Running these tiny restaurants might be good experience, and give some indication to the owner whether they might succeed at a larger place or not. They let you concentrate on excelling in a couple items, rather than spreading out your general skills over a large menu. It would also help the community by occupying empty rental properties, providing taxes to the city and more. Bring several of these tiny restaurants together in the same area, and you end up with a far better version of a mall food court.

Place blocks under those food truck wheels and occupy some real estate, though just a tiny piece.

Friday, August 16, 2013

2 Gingers Irish Whiskey: A Whiskey For Women?

Demand for Irish whiskey has boomed over the last decade, outpacing many other liquor categories. For example, from 2010 to 2011, the volume of Irish whiskey grew nearly 24% and from 2011 to 2012, it grew about another 23%. Compare this to the 3% annual growth of the general spirit category. However, the Irish whiskey category is still relatively small, about 2.2 million cases, while the overall whiskey category is at about 50 million cases.

Interestingly, in the first quarter of 2012, the fastest-growing spirit category, having risen nearly 155%, was flavored whiskey and its primary targeted market is women. Women are seen as a huge potential market for whiskey, though many producers seem to think most women won't drink traditional whiskey. Currently, women constitute about 20-30% of whiskey consumers but that percentage basically doubles for most flavored whiskey brands. However, there appears to be at least one non-flavored whiskey which is appealing to a large percentage of women, 2 Gingers Irish Whiskey.

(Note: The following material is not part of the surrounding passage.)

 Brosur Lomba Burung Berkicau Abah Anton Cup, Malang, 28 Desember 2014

I received a review sample of the 2 Gingers Irish Whiskey, a blended whiskey which was distilled twice and then aged for four years in used bourbon barrels. Most Irish whiskies are distilled three times, but 2 Gingers wanted to retain more flavor so it only distilled it twice. They also wanted to make their whiskey smoother, so they aged it longer than the usual three years. Their whiskey is produced at the Kilbeggan Distillery and the idea for it was spawned by Kieran Folliard, an Irishman who has spent about 25 years in Minnesota.

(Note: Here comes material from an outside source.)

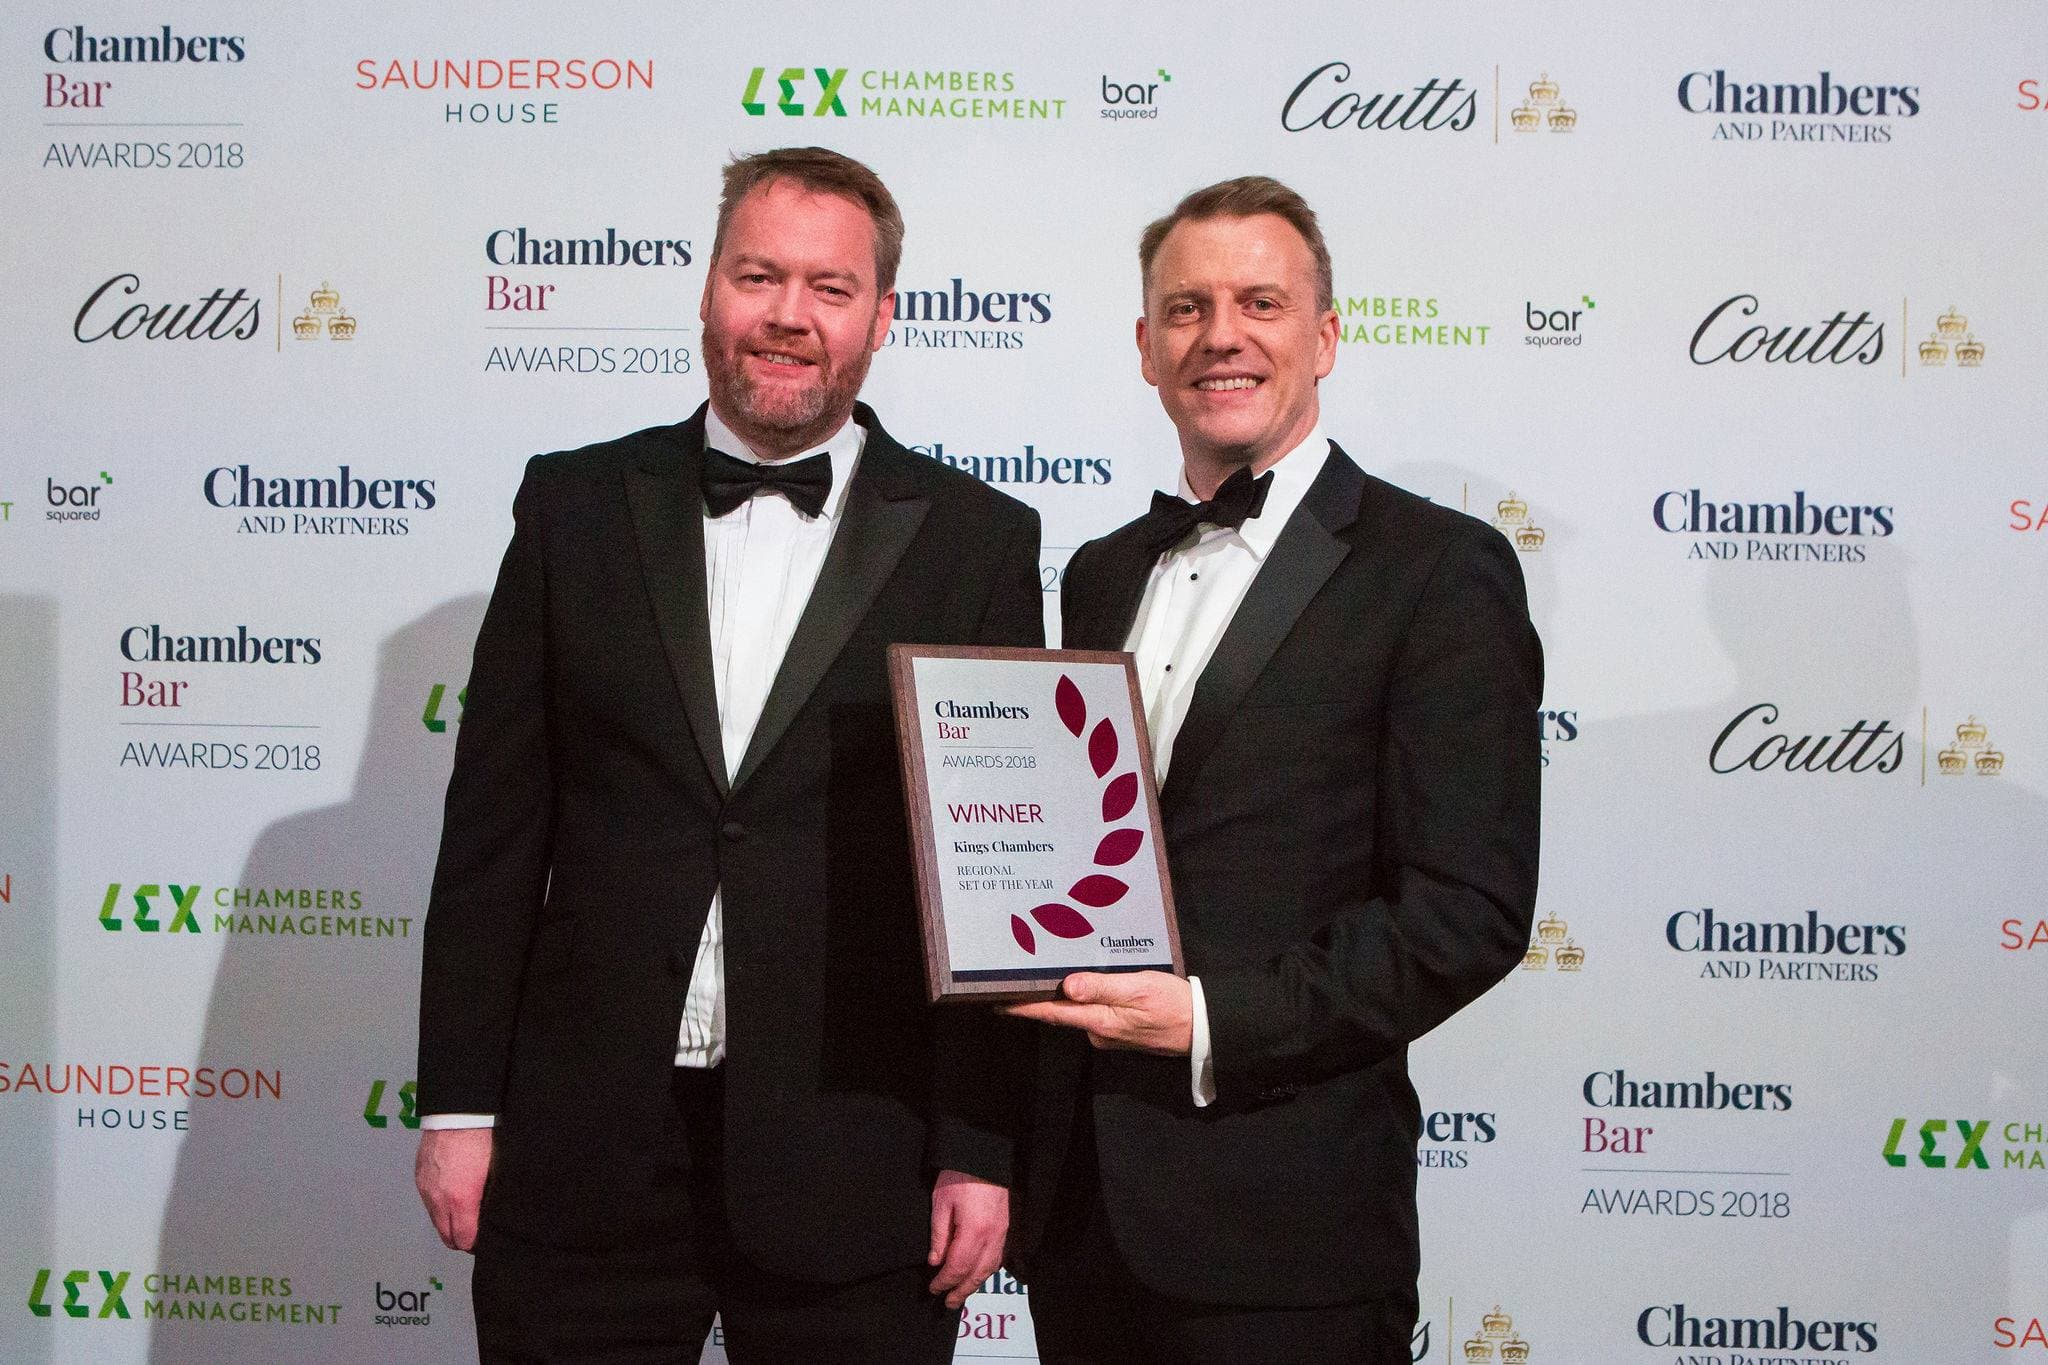 Kings Chambers secures prestigious win at Chambers Bar Awards

Kieran operated several pubs in Minnesota and first debuted his new Irish whiskey there. The name of the whiskey, 2 Gingers, was inspired by his red-headed mother and aunt, Mary and Delia, and their faces grace the bottle label. The 2 Gingers Irish Whiskey costs around $20, for a 750ml bottle, and has been expanding its distribution outside of the midwest and is now also available in Massachusetts. In many of the states where it is sold, it is more popular with women than competing brands. In Minnesota, where the brand started, women constitute about 40% of consumers.

It was Kieran's intention to create an Irish whiskey which would have a broader appeal, trying to reach an audience which usually did not choose whiskey. He wanted to create a "genderless, seasonless whiskey that’s very versatile and approachable." The whiskey is also promoted as an excellent base for a variety of cocktails, such as their Big Ginger, a simple blend of 2 Gingers Irish Whiskey and ginger ale.

What did I think? I found the 2 Gingers to be light, mild and smooth, a whiskey profile which would appeal to a broad audience. It possesses a mild sweetness from the bourbon barrels with hints of vanilla and caramel, complemented by bright citrus notes, especially on the finish. The finish tends to be a bit short, though it is pleasant. Even if you are not a fan of most whiskey, the 2 Gingers might be something you would enjoy. I also made my own version of the Big Ginger, using ginger beer rather than ginger ale, and it was tasty and refreshing, a nice summer drink.

As a light and milder alternative to other whiskies, it is good value at $20, and should reach a wider audience of drinkers, whether on its own or in cocktails. It will appeal to those who dislike some of the harsher tasting whiskies. It is not specifically a woman's whiskey, but rather a lighter, milder Irish whiskey for anyone, man or woman. And a nice cocktail base as well.